Data provided -
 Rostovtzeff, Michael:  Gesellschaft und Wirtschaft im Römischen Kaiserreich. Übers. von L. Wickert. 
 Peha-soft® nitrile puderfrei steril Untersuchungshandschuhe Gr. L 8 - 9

--

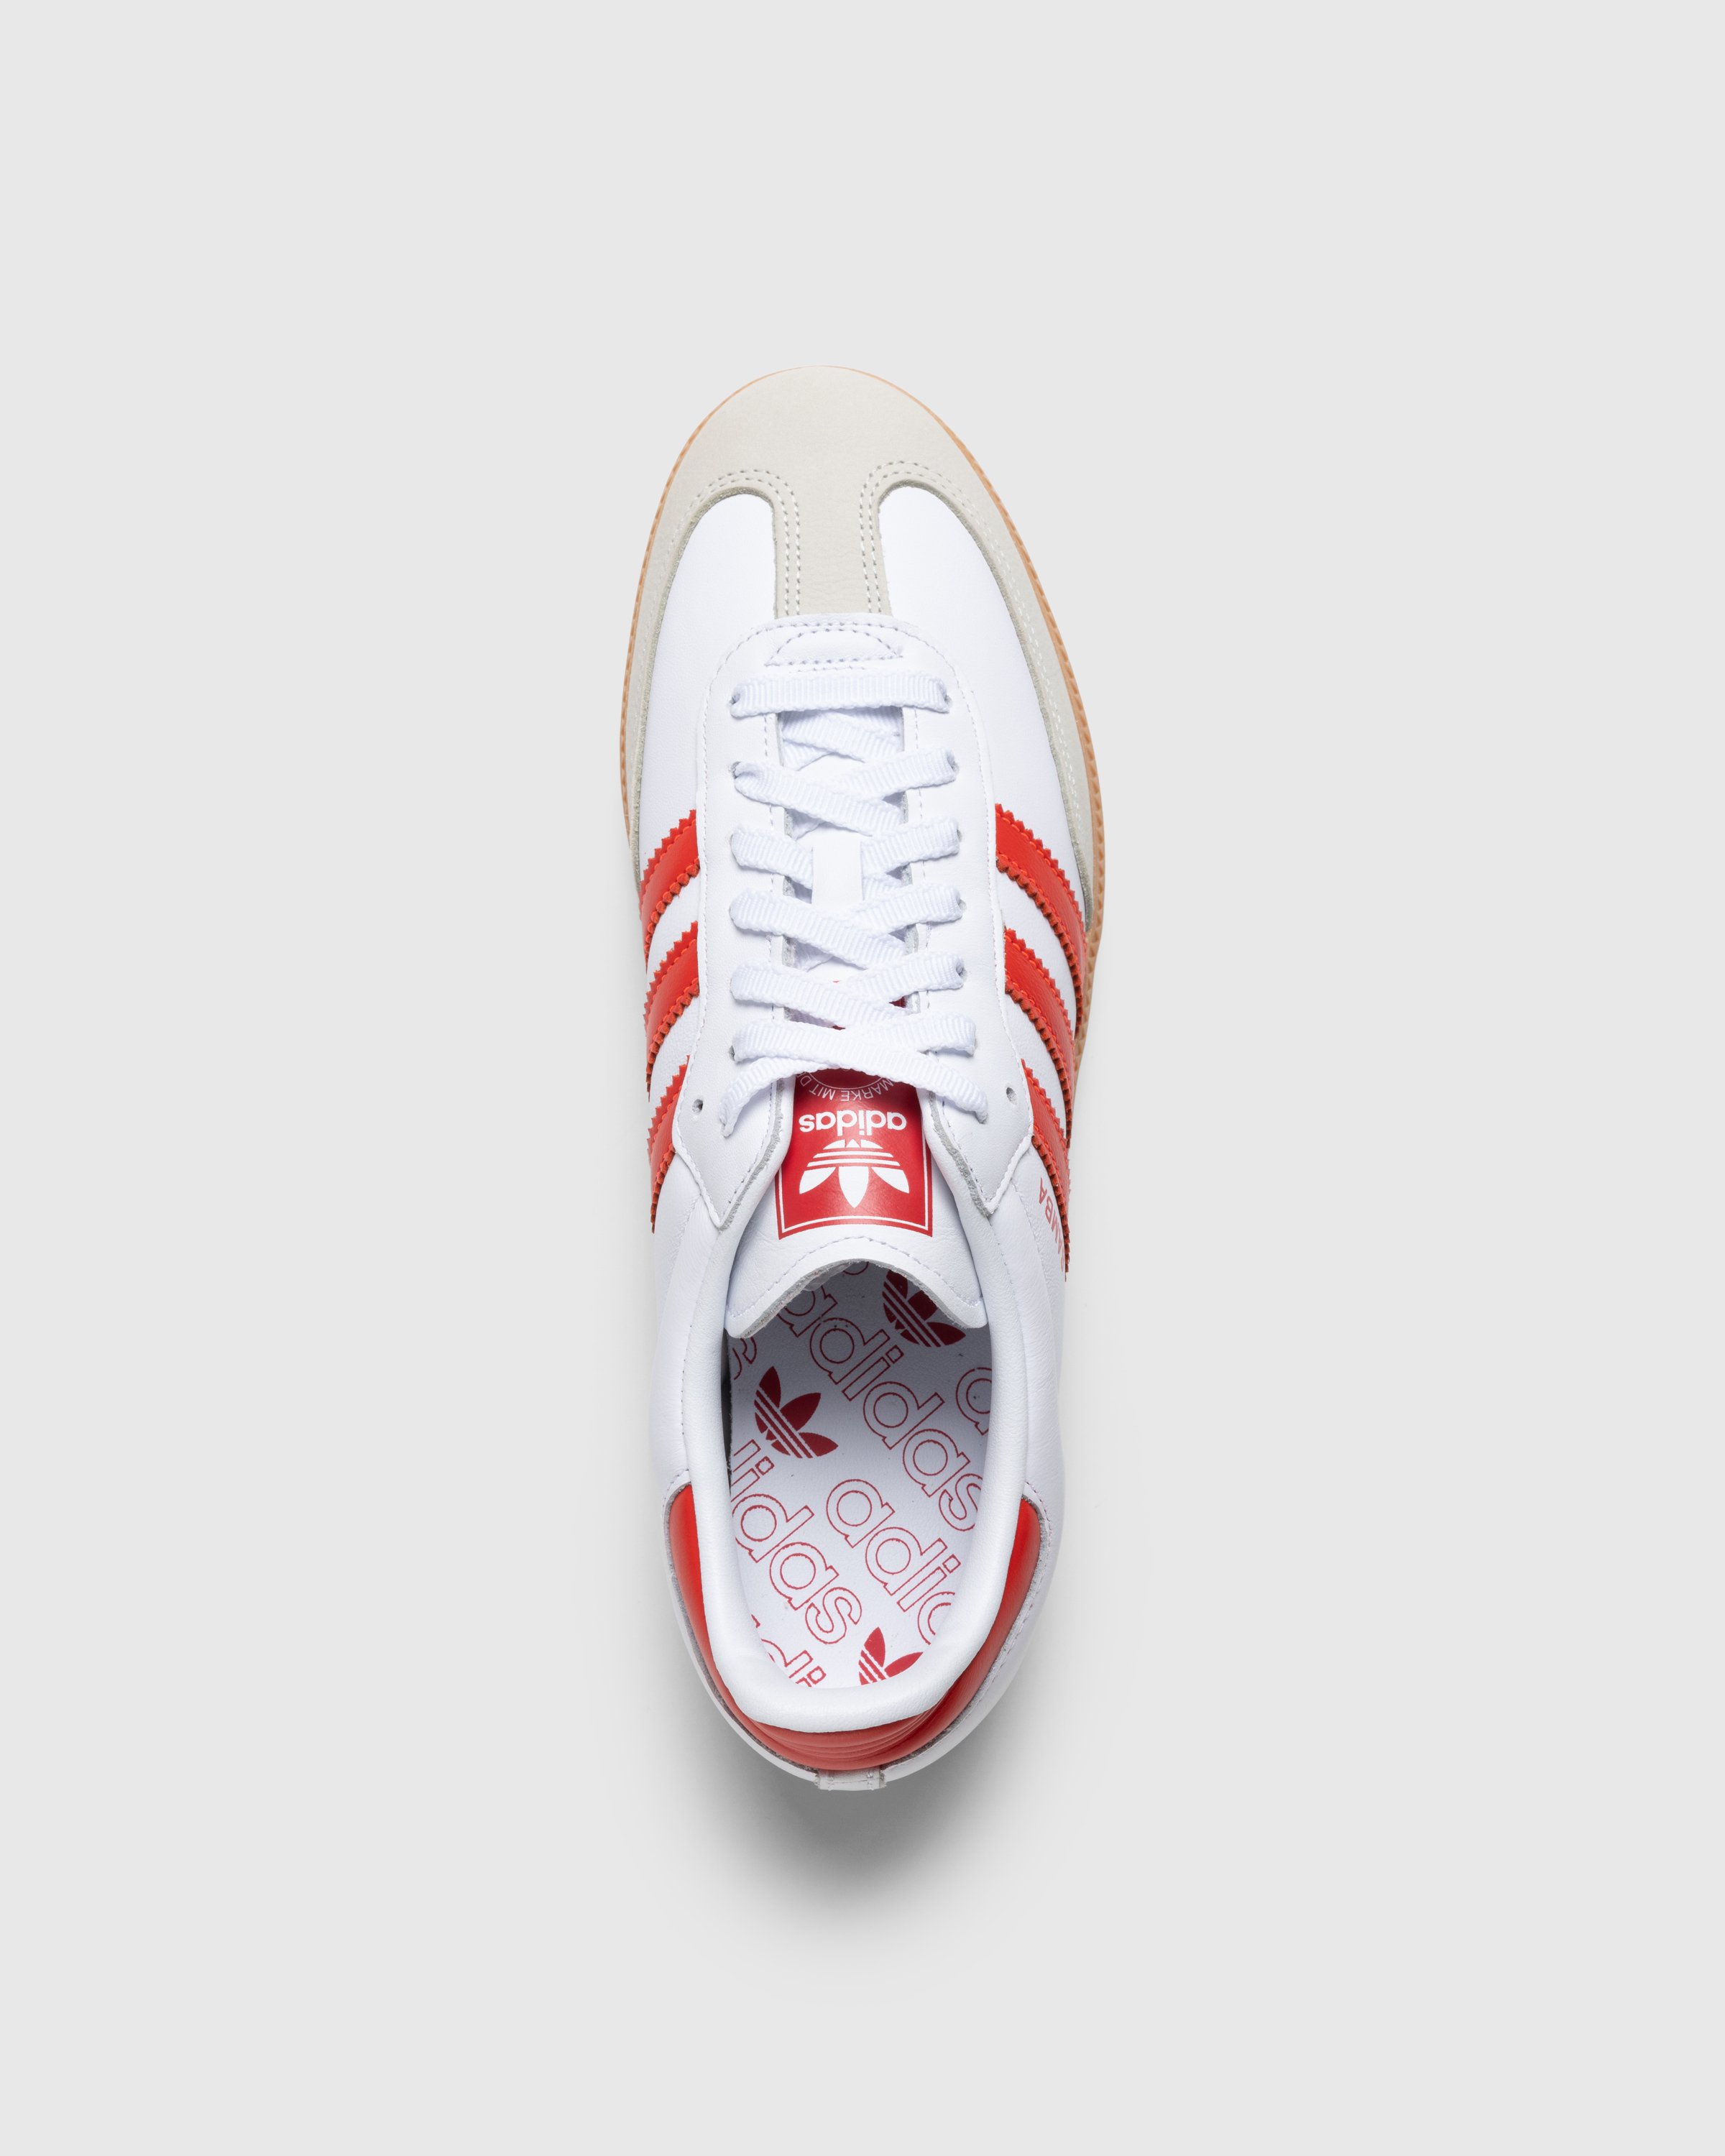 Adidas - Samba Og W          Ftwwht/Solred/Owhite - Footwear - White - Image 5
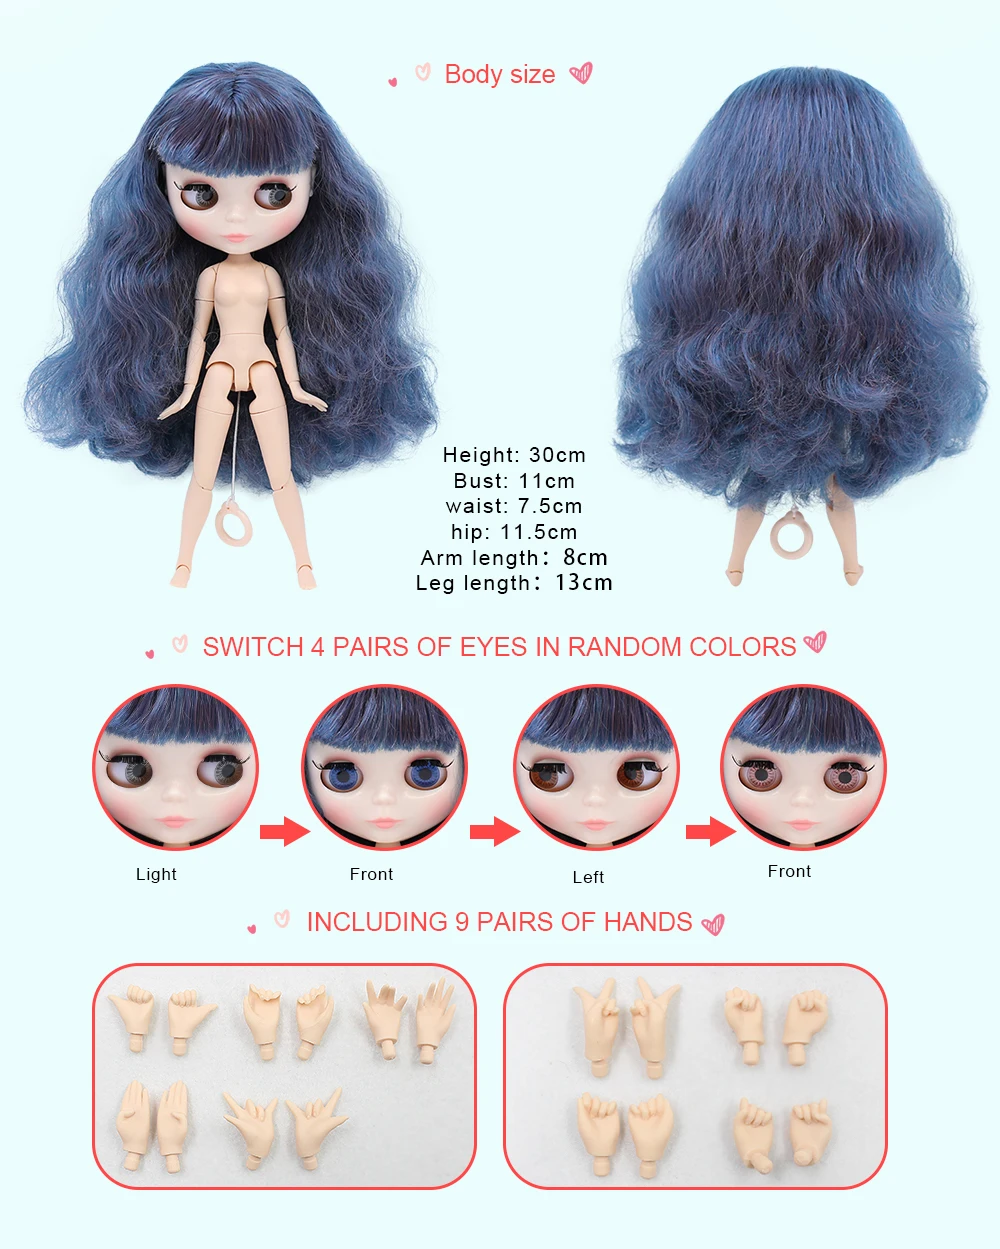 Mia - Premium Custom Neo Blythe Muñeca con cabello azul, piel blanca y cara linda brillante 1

Activity - Repeat, exactly as they stand above, the lines from the line with "von L. Wickert." to the line with "Peha-soft® nitrile puderfrei", both lines included.

Exercise response -
 Rostovtzeff, Michael:  Gesellschaft und Wirtschaft im Römischen Kaiserreich. Übers. von L. Wickert. 
 Peha-soft® nitrile puderfrei steril Untersuchungshandschuhe Gr. L 8 - 9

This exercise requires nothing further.